Furthermore, in order to obtain the minimum value of the target function under the constraint condition, the original target function introduces a Lagrange multiplier and a relaxation variable, changes inequality constraint into equality constraint, converts the problem of solving the minimum value of the original problem into the problem of solving the convex optimization of quadratic programming, and reconstructs the target function by integrating the original target function and the constraint condition:

zeta in the formulajRepresenting a lagrange multiplier; h (-) represents a membership function; mu.sjRepresents a relaxation variable; g (-) represents a correlation coefficient function.

Further, the objective function satisfies the following KKT condition:

in the formulaRepresenting the derivation of the target function;representing an equality constraint in the objective function;an inequality constraint representing an objective function;representing a solution that makes the objective function partial derivative 0.

Further, the clustering with the pearson correlation coefficient and the sum of membership as constraint conditions includes:

and (3) adopting a fuzzy clustering analysis method, taking the data subjected to dimensionality reduction as a clustering object through an iterative computation mode, and obtaining a final classification cluster through iteration by combining with an improved fuzzy optimal constraint condition KKT.

Further, in the fuzzy clustering process, with the objective function as a convergence condition, a specific iteration process includes:

1) setting a membership factor gamma, an iteration stop error epsilon and the maximum iteration times;

2) calculating an initial distance matrix;

3) updating the membership degree between the user and the clustering center, if the distance between the user and the clustering center is 0, the membership degree is 1, otherwise, determining the membership degree according to a derivation formula, wherein the membership degree updating formula is as follows:

wherein (t) represents the t-th iteration, and d () represents the distance from the sample point to the cluster center;

4) updating a clustering center:

5) recalculating the distance formula and calculating a target function;

6) comparing whether the target function is smaller than a set error epsilon or whether the iteration times meet an iteration ending condition, otherwise, turning to the step 3) to recalculate the membership degree until a constraint condition is met and jumping out of an iteration loop; and obtaining preset class clusters after the iteration is finished, wherein each class cluster has a corresponding correlation coefficient value.

Further, obtaining a relationship between a user active value and a transformer low-voltage side voltage value of the transformer area between the users comprises:

large users and the influence factors are weakly correlated above 0.2; large users and the influence factors are more than 0.4 and are related to a medium degree; the large users have strong correlation when the influence factor is more than 0.6; the influence factors of medium users are weakly correlated above 0.2; moderate users and the influence factors are moderately correlated above 0.4; medium users and strong correlation of influence factors above 0.6; small users and the influence factors are weakly correlated above 0.2; small users and the influence factors are moderately correlated above 0.4; small users and impact factors are strongly correlated above 0.6.
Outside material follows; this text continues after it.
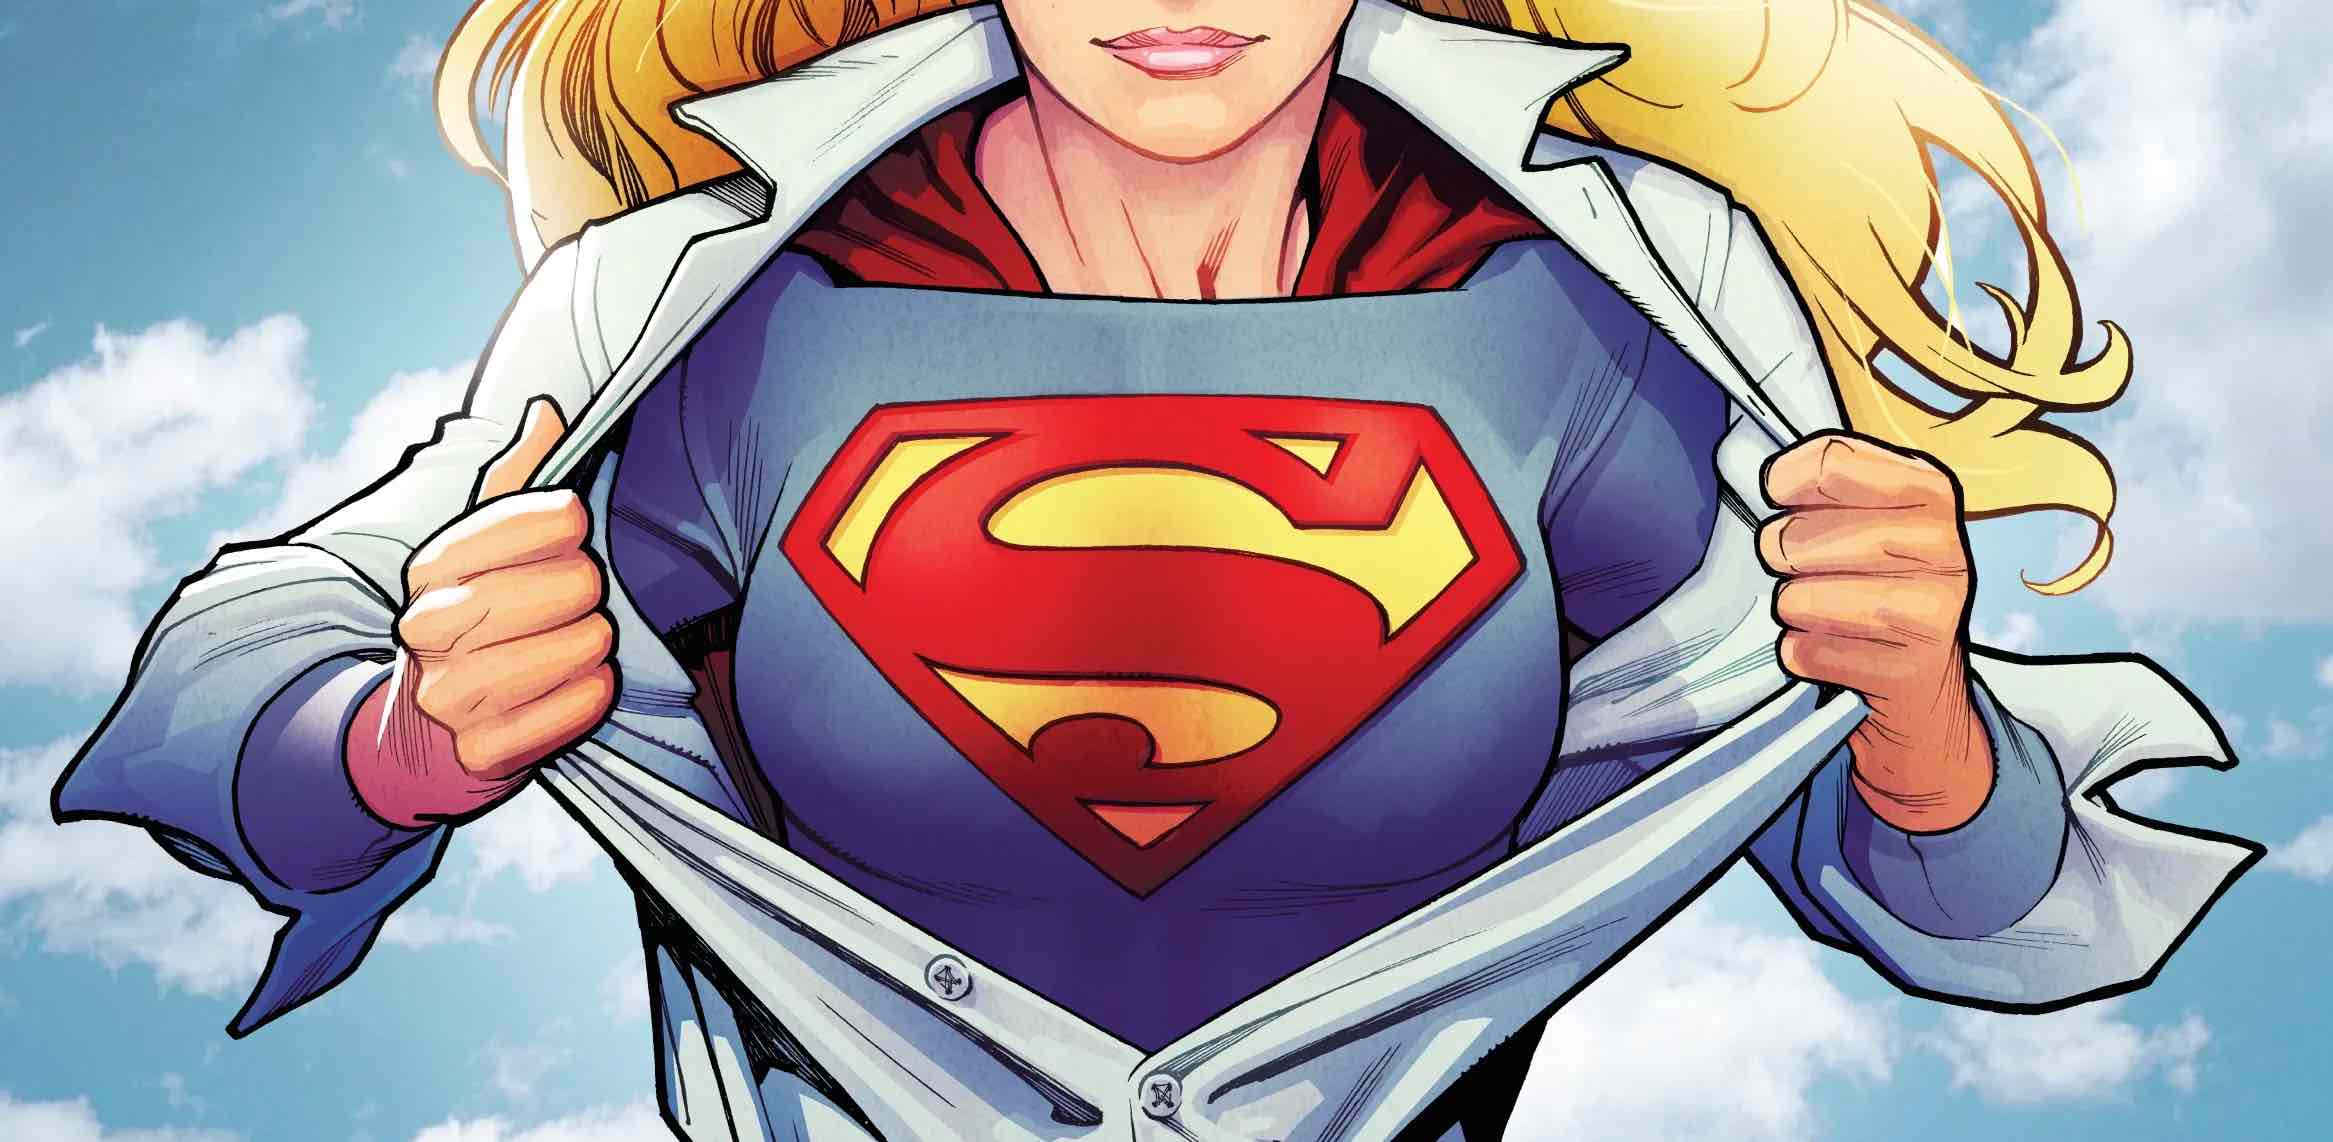 ۱۰ باری که سوپرگرل ثابت کرد از سوپرمن قوی تر است

Further, performing impact evaluation according to the relationship, including:

obtaining which users belong to large users, medium users, small users and which users have strong influence factors according to clustering; users with influence factors above 0.6 need to take electric measures to defend the users, so as to prevent accidents; the users with the influence factors above 0.4 need to increase the monitoring strength; users with influence factors above 0.2 need to periodically check the system operation to see whether the system is abnormal or not, and provide certain attention to the users; users with an impact factor above 0.2 do not need to intervene.
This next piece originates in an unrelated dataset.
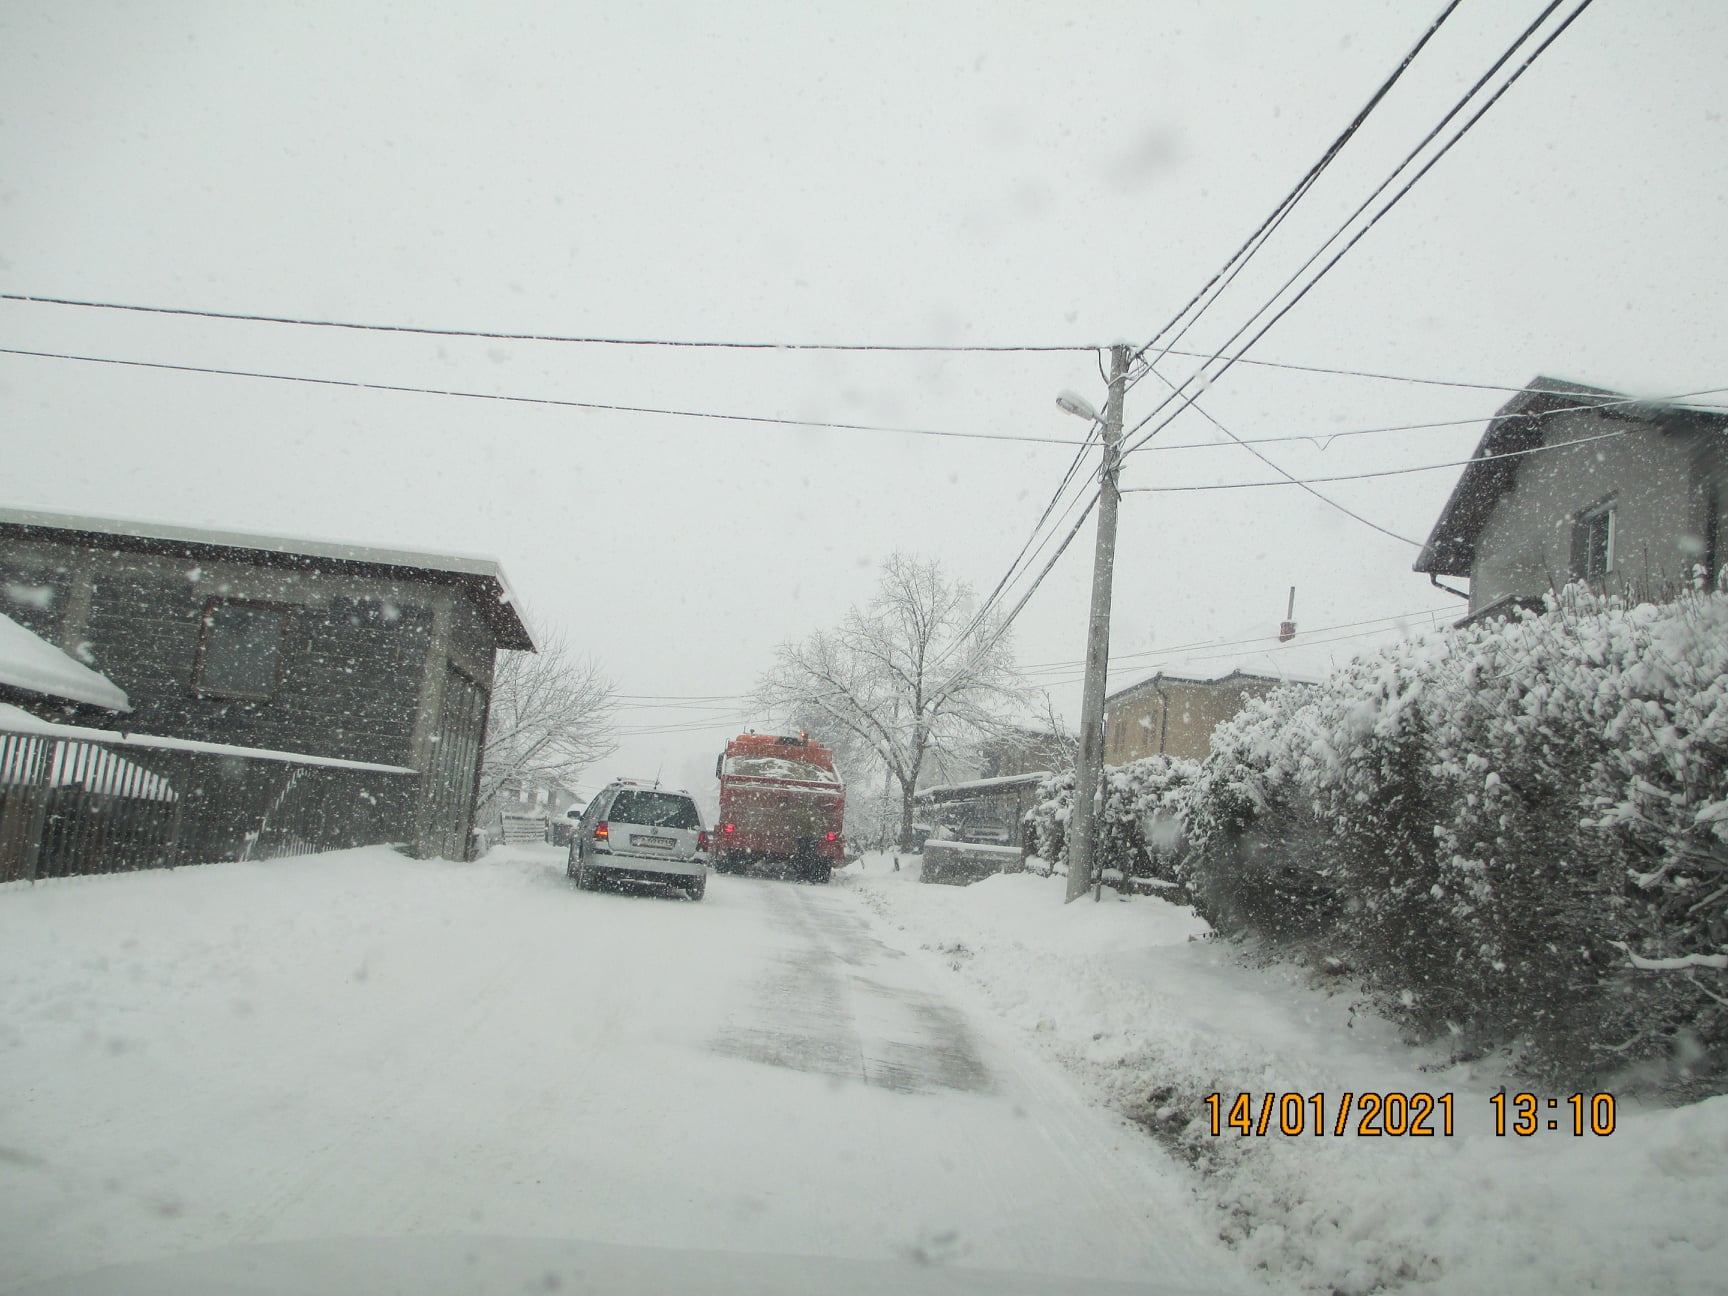 Informacija o zimskom održavanju cesta, ulica i trotoara

A terminal device comprises a memory, a processor and a computer program which is stored in the memory and can run on the processor, wherein the processor executes the computer program to realize the steps of the station area user identification and voltage influence evaluation method.
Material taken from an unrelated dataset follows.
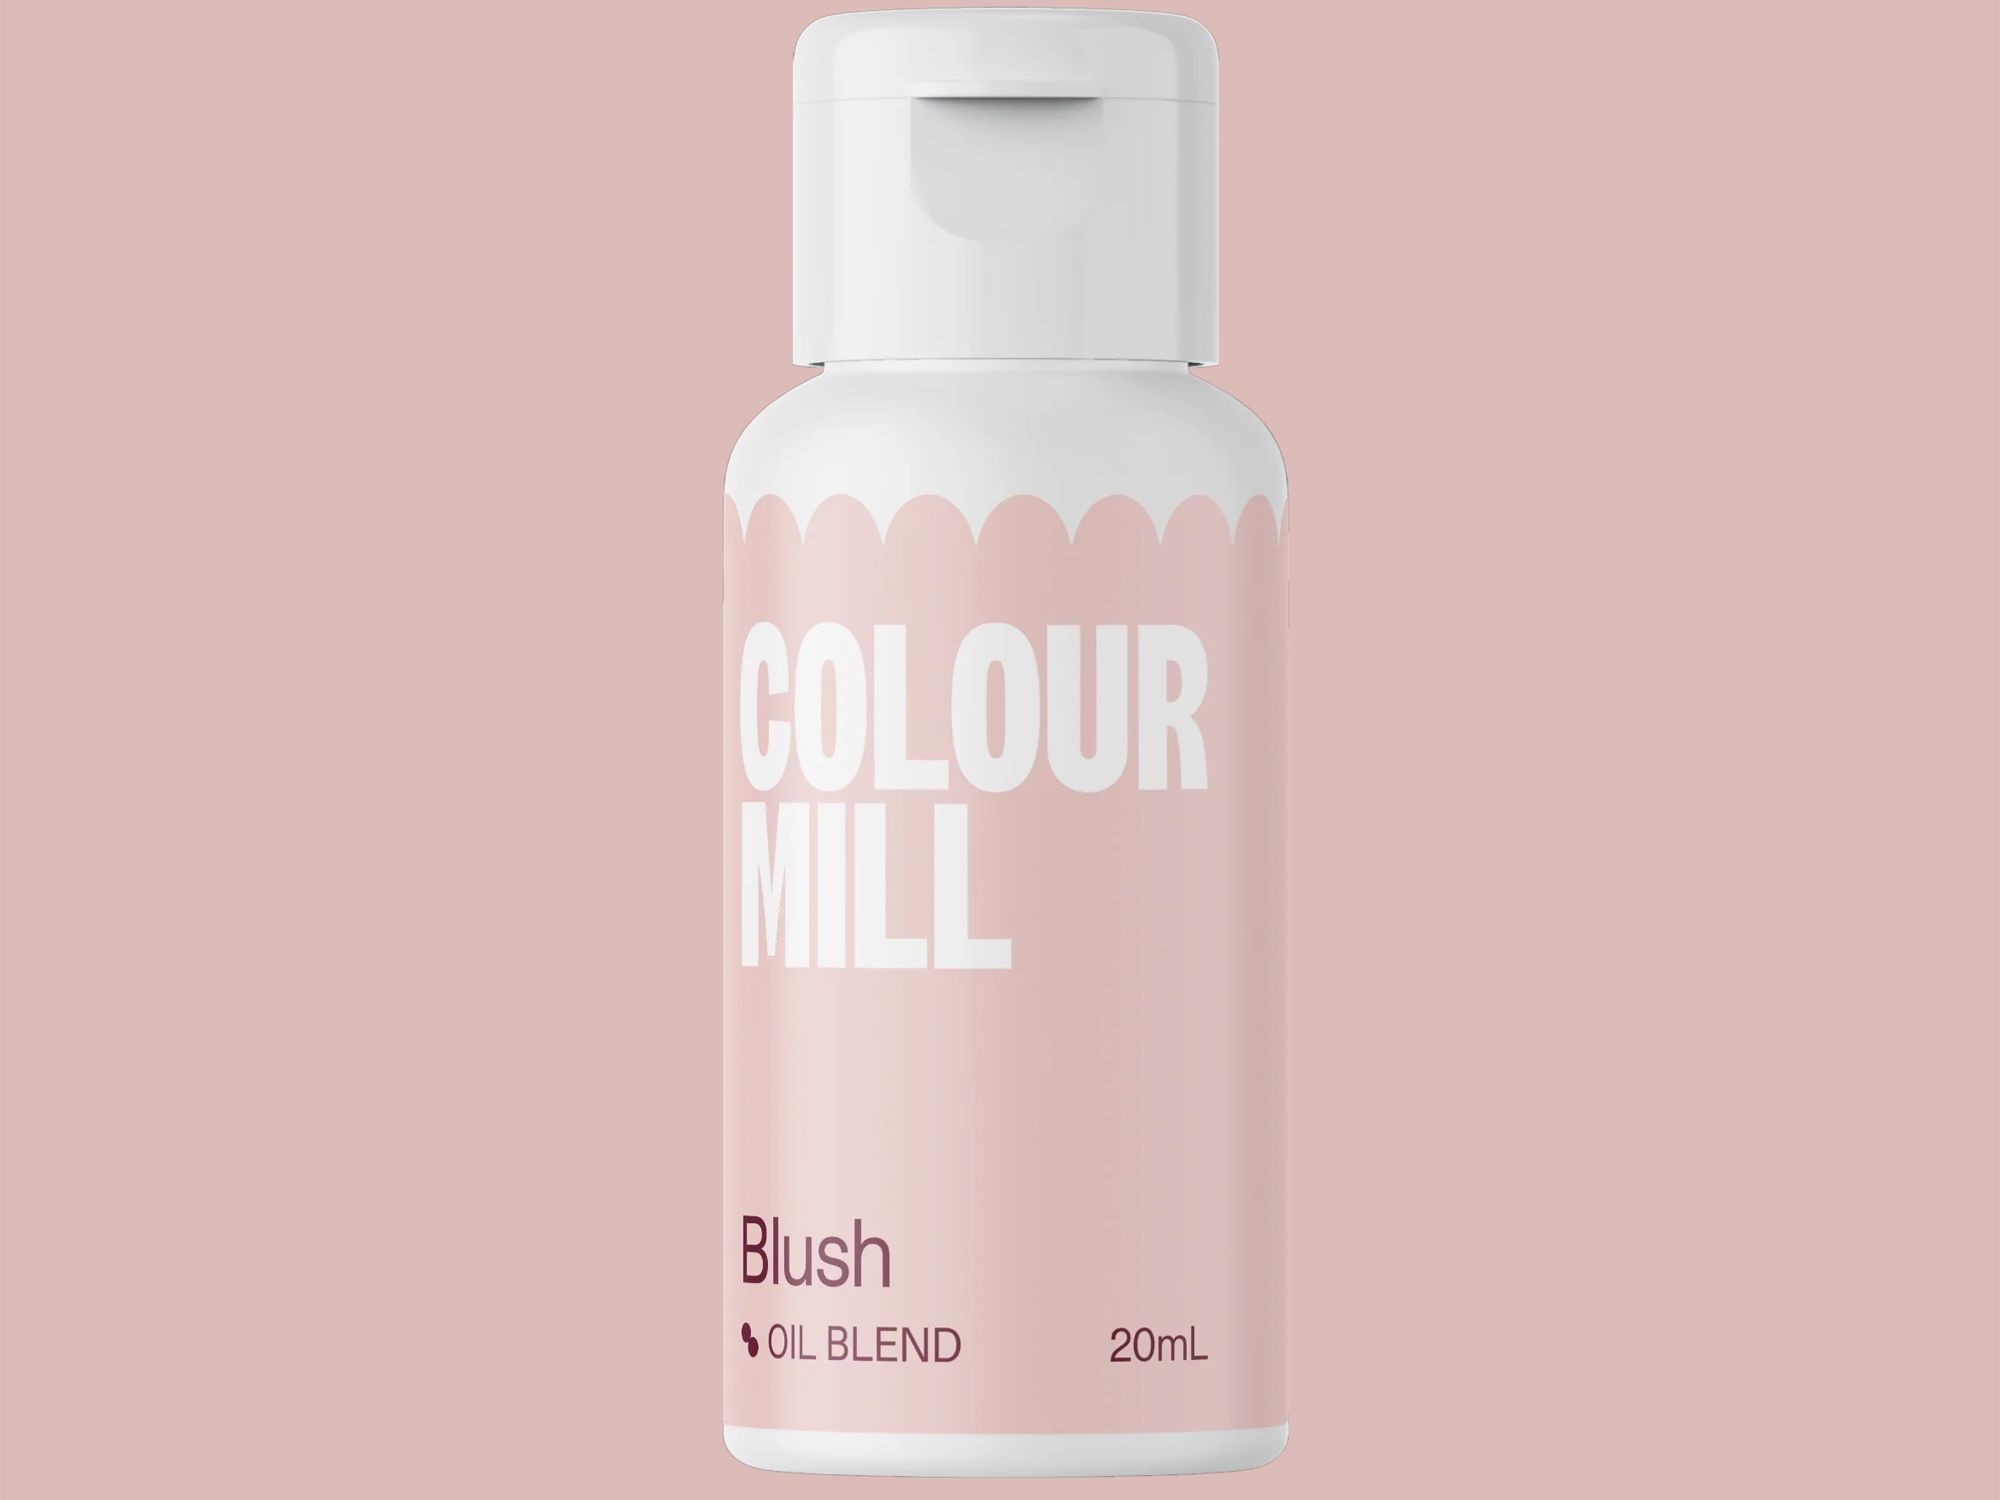 Colour Mill Blush (Oil Blend) 20ml

A computer-readable storage medium, in which a computer program is stored, which, when being executed by a processor, implements the steps of the aforementioned station area user identification and voltage impact evaluation method.

Compared with the prior art, the invention has the following technical characteristics:

the method can distinguish large, medium and small clusters of a certain phase of users under a single transformer area, simultaneously reflects the influence factor of the users in each cluster by combining the Pearson correlation coefficient, can directly judge the relation between the users in a certain grade and the voltage fluctuation of the low-voltage side of the transformer, has important significance for knowing the topology of a power distribution network and building a smart power grid, and provides necessary technical support for further power quality management.

Drawings

FIG. 1 is a schematic flow diagram of the process of the present invention;

FIG. 2 is a detailed flow chart of an improved optimal fuzzy clustering algorithm.

Detailed Description

Referring to fig. 1, the invention provides a method for identifying users in a distribution room and evaluating voltage influence, which is based on Multi-Dimensional Scaling (MDS) combined with pearson influence factors to improve a fuzzy C-means clustering method, can quickly distinguish user grades and identify influence degrees of users with different grades on voltage fluctuation of a low-voltage distribution room, and finally obtains a cluster with a large influence degree of different users on the distribution room. The power management is normalized and continuous, and the user types cannot be judged according to data of a certain day or two days by distinguishing the user grades, so that the relationship of the users is unknown, the power management is distorted, and management redundancy or insufficient management strength is generated. The data mining is generally carried out on the electricity utilization historical data in the same station area with the collection interval of 7d and different users 7d, so that N users are divided into three types, namely large users, medium users and small users. The technical solution of the present invention will be further described in detail with reference to the accompanying drawings.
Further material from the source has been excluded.